Operadores de máquinas de azar en Puerto Rico llevan a la Justicia la disputa por licencias

Operadores de máquinas de azar en Puerto Rico llevan a la Justicia la disputa por licencias

Un grupo de comerciantes acusa a la Comisión de Juegos de bloquear solicitudes y pide que se reactive el proceso, mientras el regulador sostiene que no puede aceptar nuevos trámites hasta 2028.

Puerto Rico.- La disputa por el otorgamiento de licencias de máquinas de azar en Puerto Rico sumó un nuevo capítulo judicial. Una treintena de comerciantes acudió al Tribunal de Primera Instancia de San Juan para denunciar que la Comisión de Juegos se ha negado a recibir, procesar y adjudicar sus solicitudes, lo que, según afirman, los mantiene fuera de la industria.

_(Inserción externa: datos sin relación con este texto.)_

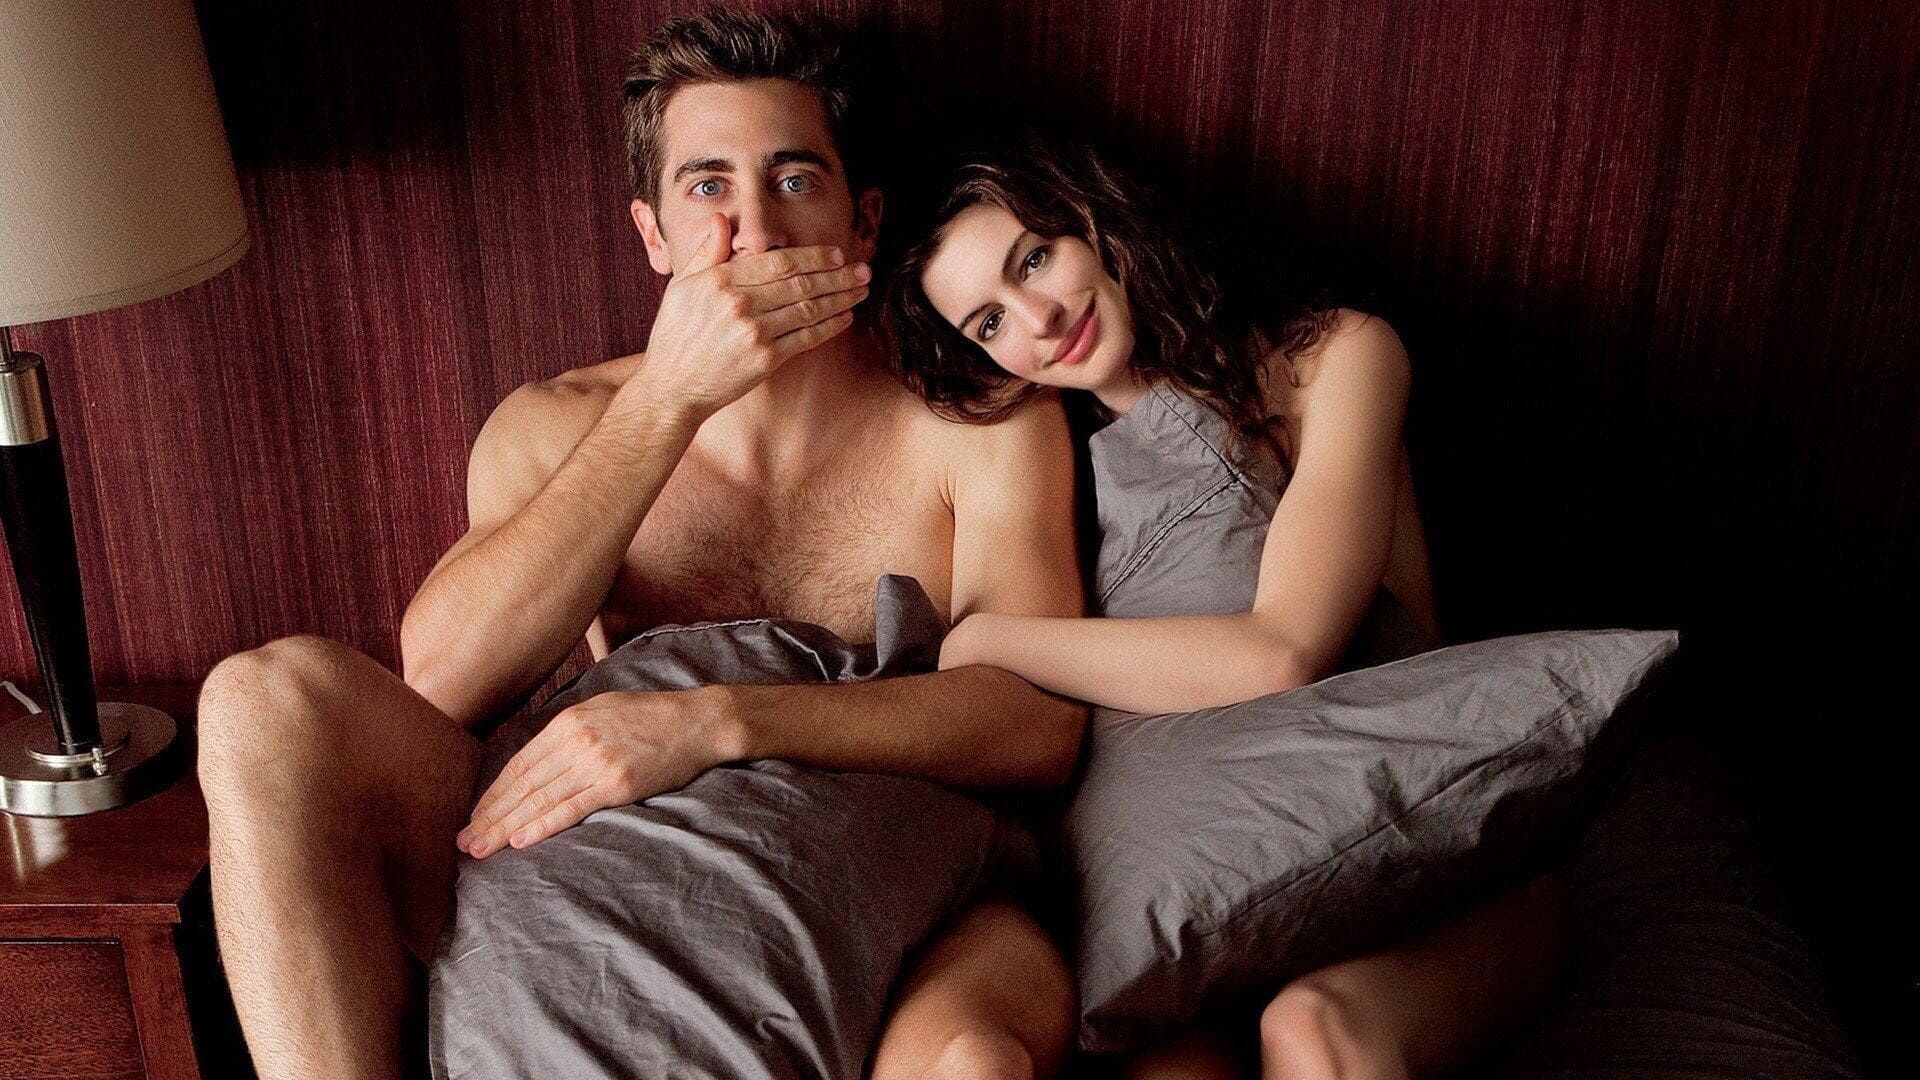 Love & Other Drugs Backdrop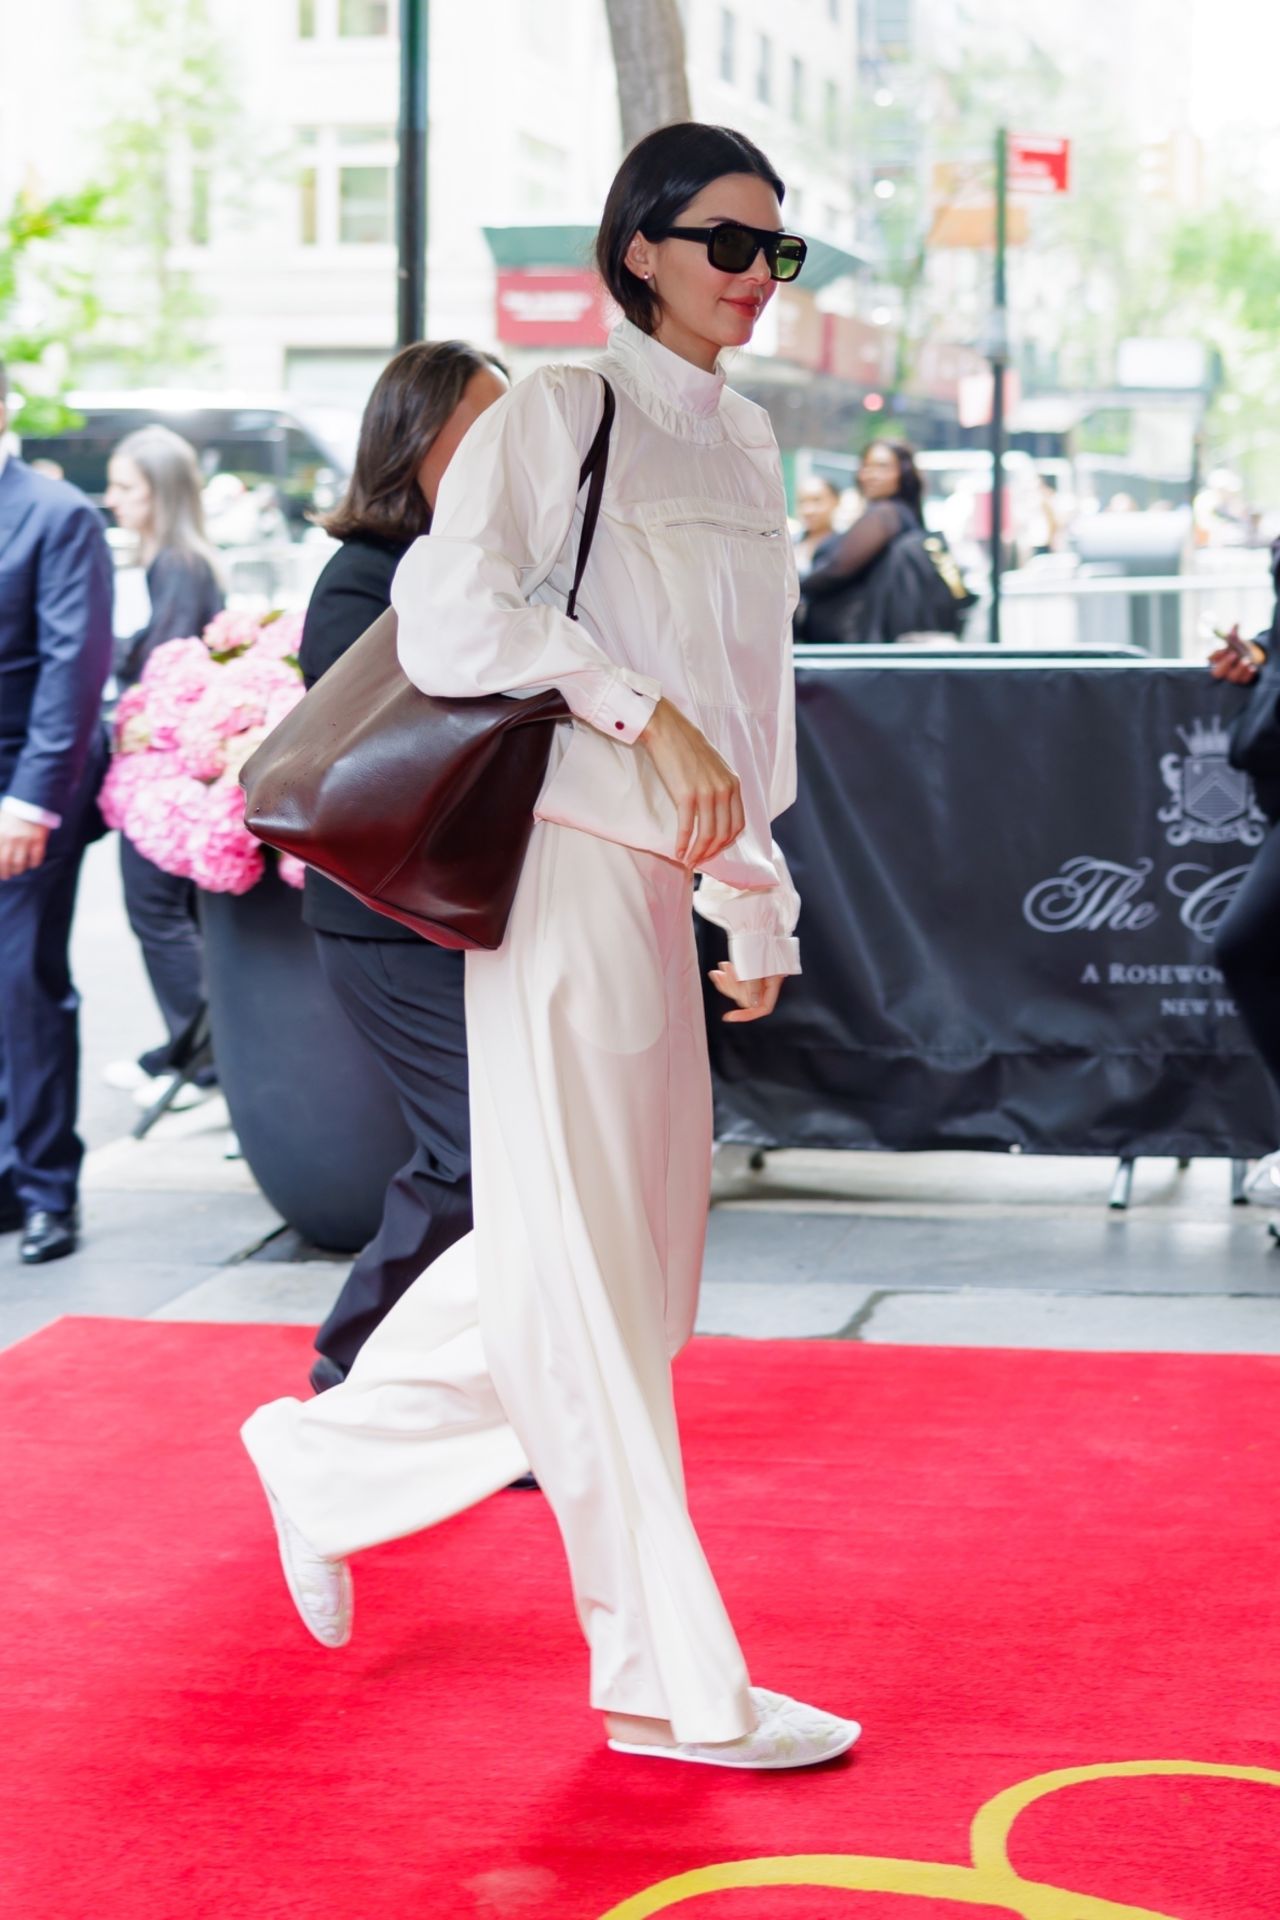 KENDALL JENNER ARRIVING AT CARLYLE HOTEL IN NEW YORK3

El recurso presentado es un mandamus, mediante el cual los demandantes buscan que la Justicia ordene al regulador cumplir con su propia normativa y tramitar los pedidos pendientes. El abogado del grupo, Frank Torres Viada, aseguró que el reclamo apunta a algo “tan sencillo y lógico” como que la agencia evalúe las solicitudes conforme a la ley vigente.

Según los operadores, la Comisión adoptó una política de “puertas cerradas” que impide avanzar con nuevos licenciamientos. También cuestionan la falta de notificaciones formales sobre el estado de los trámites y denuncian irregularidades en el proceso.

Torres Viada sostuvo que la Ley 111 otorga prioridad a quienes ya contaban con licencias, aunque, según indicó, el organismo habría sido “flexible y liberal” en otorgarlas a nuevos actores sin respetar esos criterios. Incluso mencionó que un informe de la Oficina del Inspector General habría advertido posibles incumplimientos. “Han dado licencias a gente que no tenía máquinas antes ni tenía licencias vigentes”, afirmó.

El planteo también incluye un pedido de acceso a información pública para conocer el estado real del sistema de licencias y permitir una mayor fiscalización del proceso.

Desde la Comisión de Juegos rechazaron las acusaciones y defendieron su actuación. En su respuesta judicial, el organismo argumentó que no existe obligación legal de aceptar nuevas solicitudes en esta etapa del proceso.

El regulador recordó que la ley fija un máximo de 25.000 licencias y que, desde 2021, ya se han otorgado más de 23.000. Además, explicó que los operadores actualmente licenciados tienen plazo hasta enero de 2028 para completar el pago de sus permisos, por lo que hasta entonces no se podrán considerar nuevas solicitudes.

“La interpretación de la ley que hacen estos demandantes es incorrecta. Actualmente, no existe un deber ministerial que obligue a la Comisión a aceptar nuevas solicitudes”, indicaron desde el organismo.

También subrayaron que en litigios previos sobre este mismo tema han obtenido fallos favorables.

Riesgo de sanciones y mercado irregular

El conflicto se produce en un contexto de presión para regularizar el sector. Según los demandantes, la falta de licencias los expone a multas de miles de dólares, así como a la posible incautación de equipos.

En paralelo, las autoridades reconocen la magnitud del mercado ilegal: en Puerto Rico habría más de 80.000 máquinas de azar operando fuera del marco normativo, de las cuales unas 4.000 ya fueron retiradas.